Personal information
- Born: Brittany Rae Steding March 14, 1985 (age 41) Erie, Pennsylvania, U.S.
- Family: Tony Marino (grandfather)

Professional wrestling career
- Ring name(s): Ellie Fredericks Jamie Frost Lady Frost Marmalade The Red Queen
- Billed from: "Imperial, Iceland"
- Trained by: Brandon K Mike Quackenbush The Wrestle Factory
- Debut: March 26, 2018

= Lady Frost =

American professional wrestler

Brittany Rae Steding (born March 14, 1985), better known by the ring name Lady Frost, is an American professional wrestler. She is signed to Major League Wrestling (MLW), She also performs on the independent circuit. She is best known for her time in All Elite Wrestling (AEW) and their sister promotion Ring of Honor (ROH).
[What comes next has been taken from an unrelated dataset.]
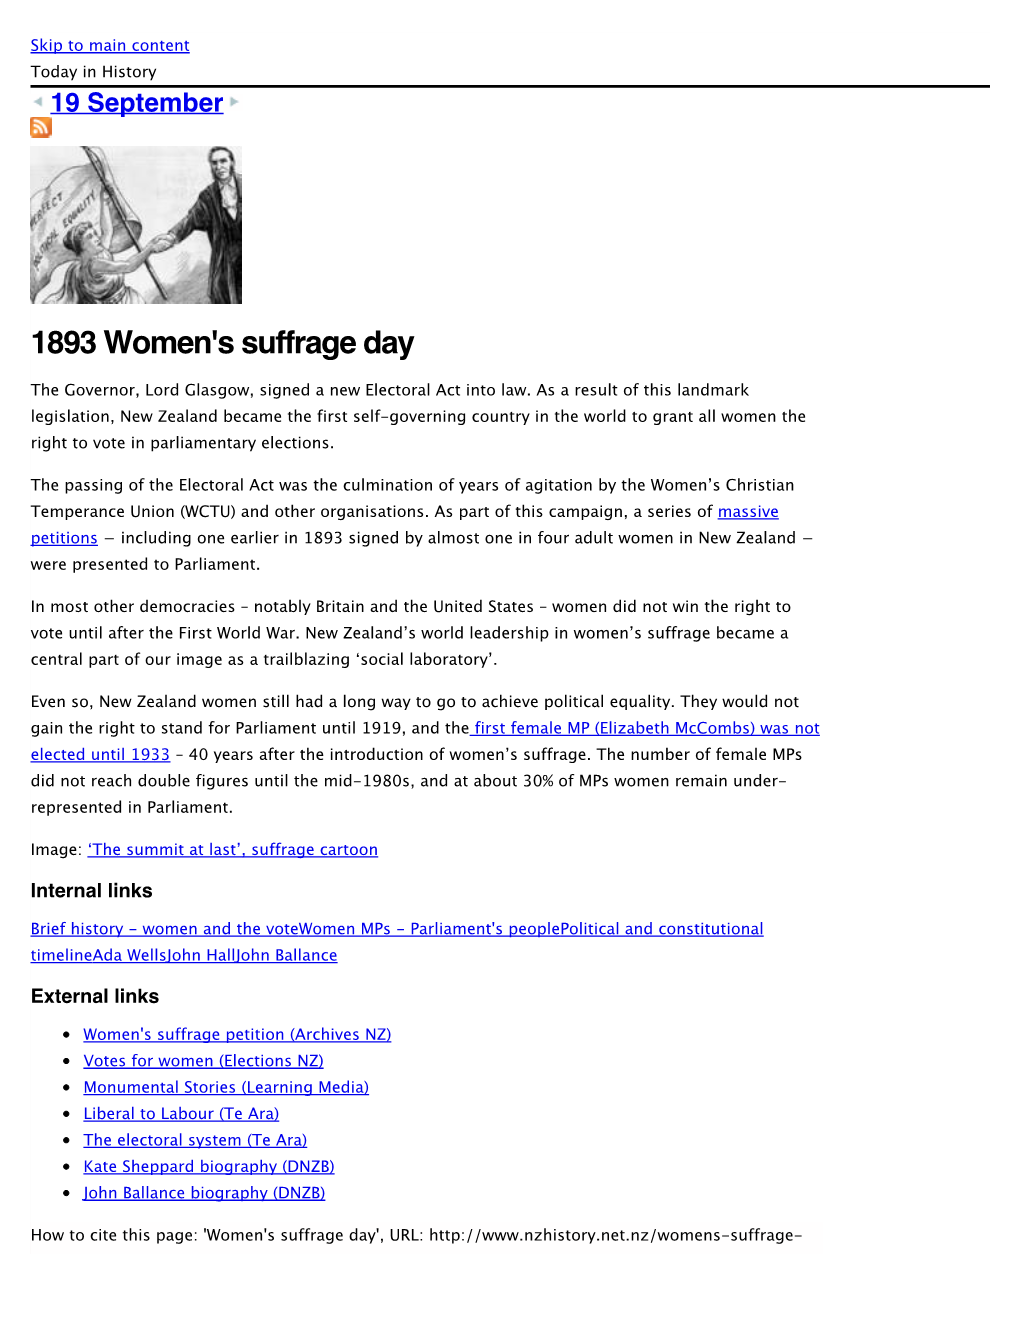 Women's Suffrage Day | Nzhistory, New Zealand History Online

== Professional wrestling career ==
=== WWE (2018) ===
Steding made her professional wrestling debut for WWE on the March 26, 2018 episode of Raw, under the ring name "Jamie Frost", where she lost to Asuka in a squash match.

=== Independent circuit (2018–present) ===
Steding began her independent career as the valet of her then real-life husband Victor Benjamin. Later, the two would wrestle as a tag team under the name "Pretty Proper", with Steding adopting the ring name "Lady Frost". On September 15, 2018, Frost had her first title match when she challenged LuFisto for the Rogue Women Warriors Championship at an Atomic Championship Wrestling event but was unsuccessful.

In March 2019, Frost made her Chikara debut, participating in the annual Young Lions Cup tournament. On November 2, Frost made her debut for Shimmer Women Athletes during the taping of Volume 114, where she defeated Jenna Lynn in a dark match. She later lost on the same day to Thunderkitty during the taping of Volume 115.

In 2021, Frost won her first title in wrestling, defeating Heather Monroe to become Hurricane Pro Wrestling's women's champion.

=== All Elite Wrestling / Ring of Honor (2020, 2023–2026) ===
Frost made her All Elite Wrestling (AEW) debut during the November 24, 2020 episode of AEW Dark, where she and Jennacide lost to the team of Diamante and Ivelisse. She made another appearance on the following week's episode of Dark, where she lost to Red Velvet.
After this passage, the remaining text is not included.